### Problem requirements
Exactly as written, output each of the lines below, with no images.

### Dataset content
================

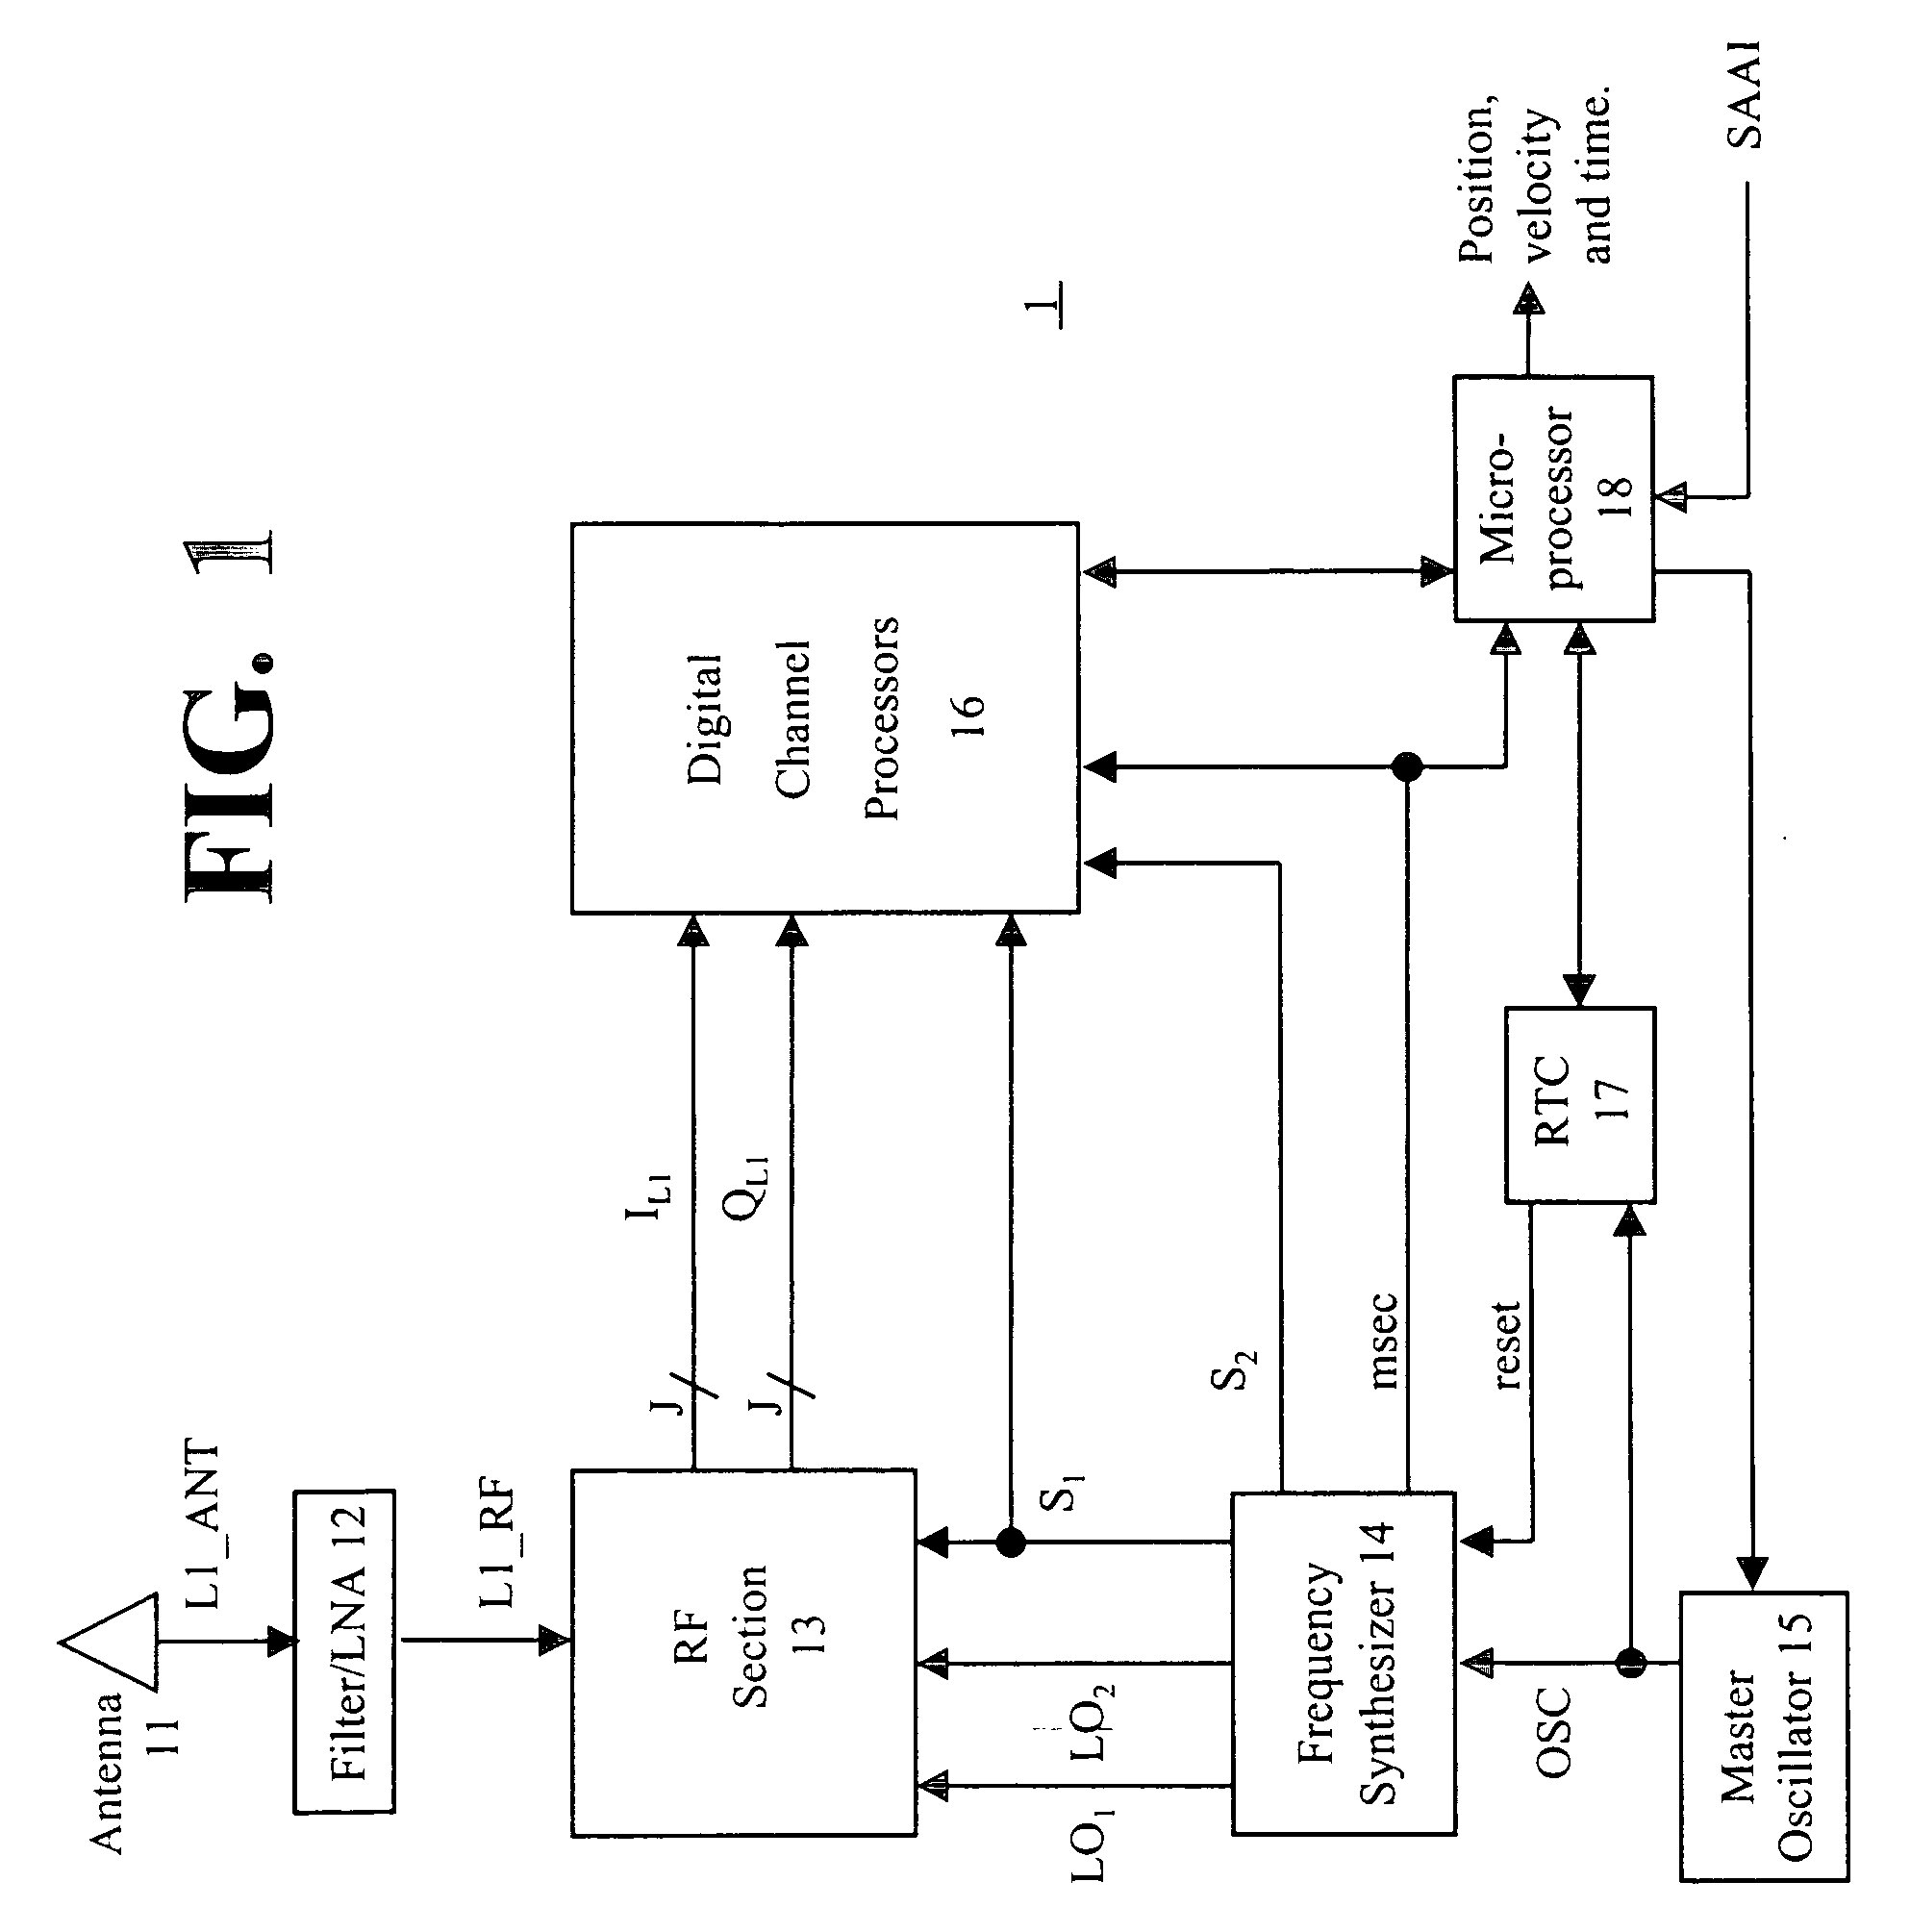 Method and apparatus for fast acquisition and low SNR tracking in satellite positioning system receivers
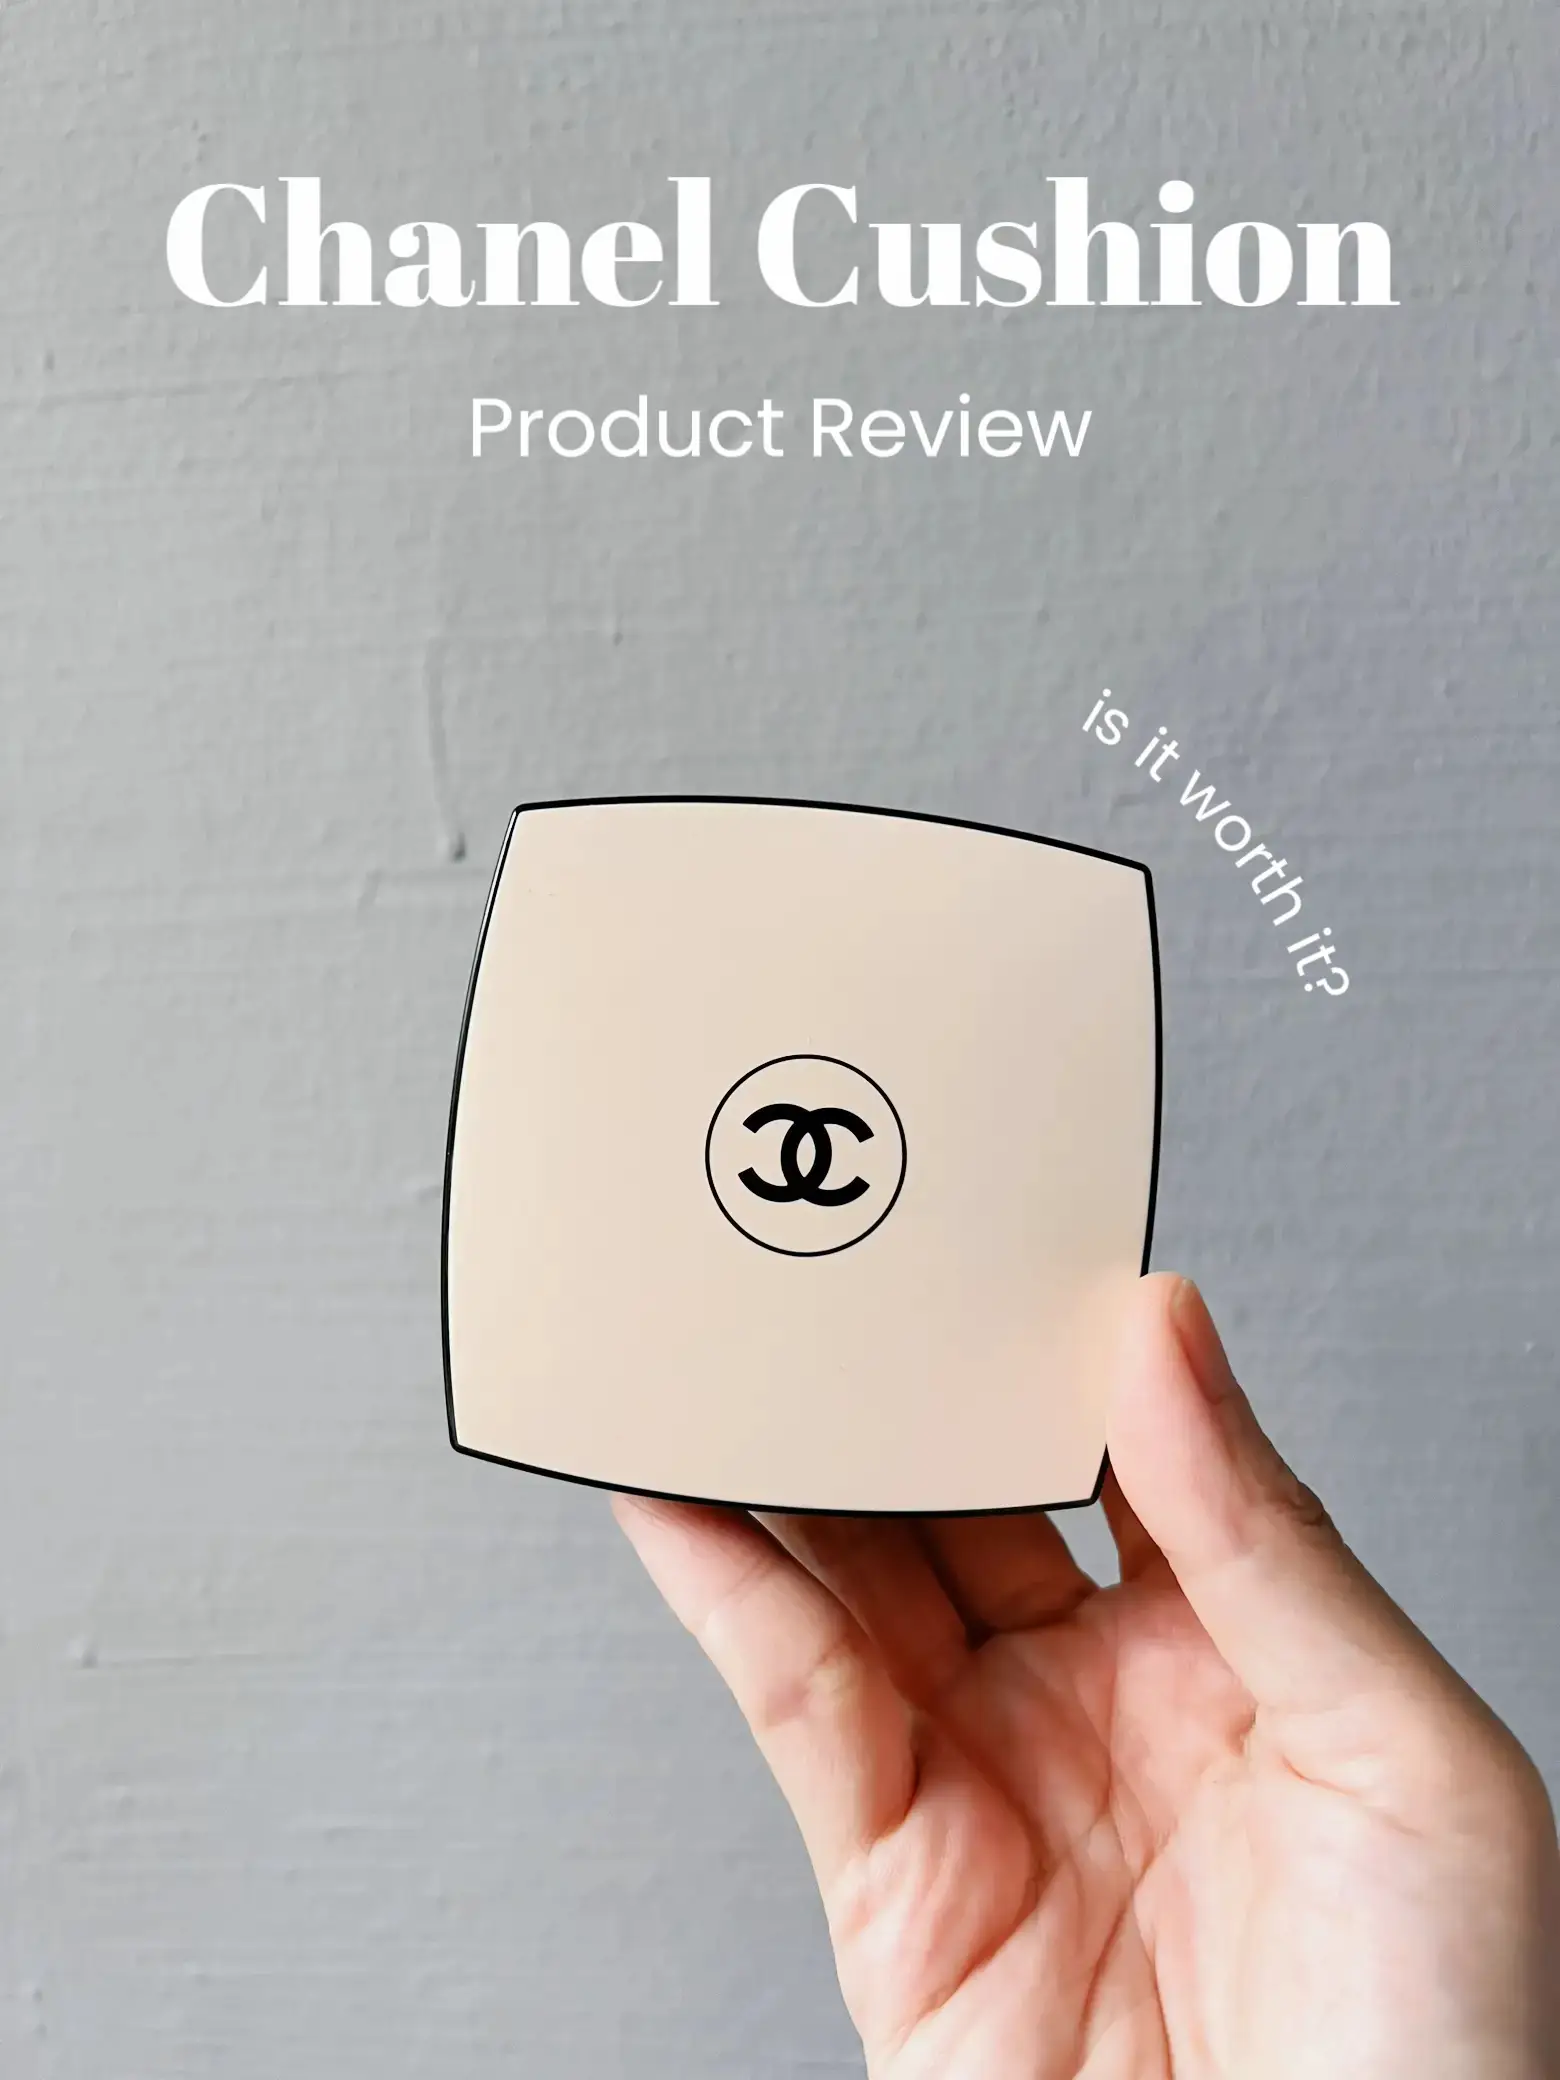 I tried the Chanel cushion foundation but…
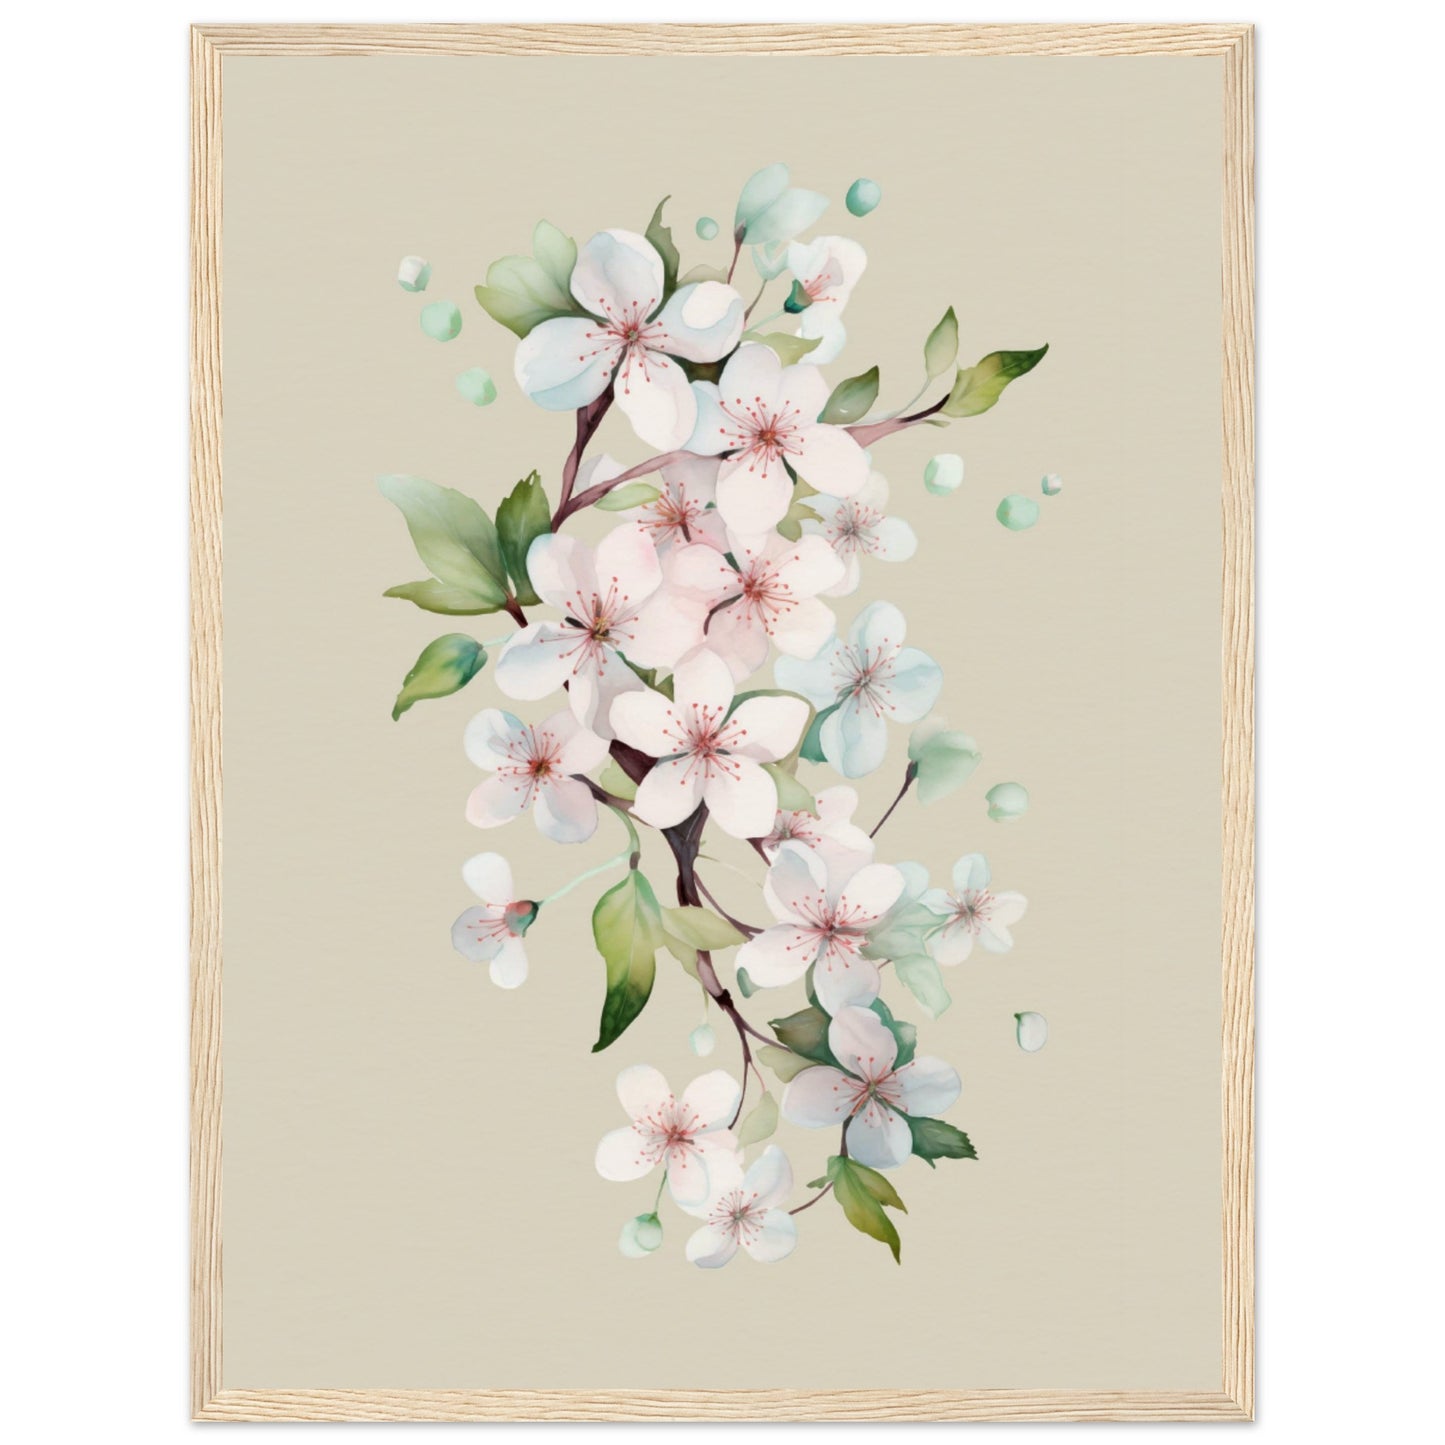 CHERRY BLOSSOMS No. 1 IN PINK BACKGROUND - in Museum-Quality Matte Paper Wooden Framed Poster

================

### Solution for this exercise
 Method and apparatus for fast acquisition and low SNR tracking in satellite positioning system receivers
 I tried the Chanel cushion foundation but…
 CHERRY BLOSSOMS No. 1 IN PINK BACKGROUND - in Museum-Quality Matte Paper Wooden Framed Poster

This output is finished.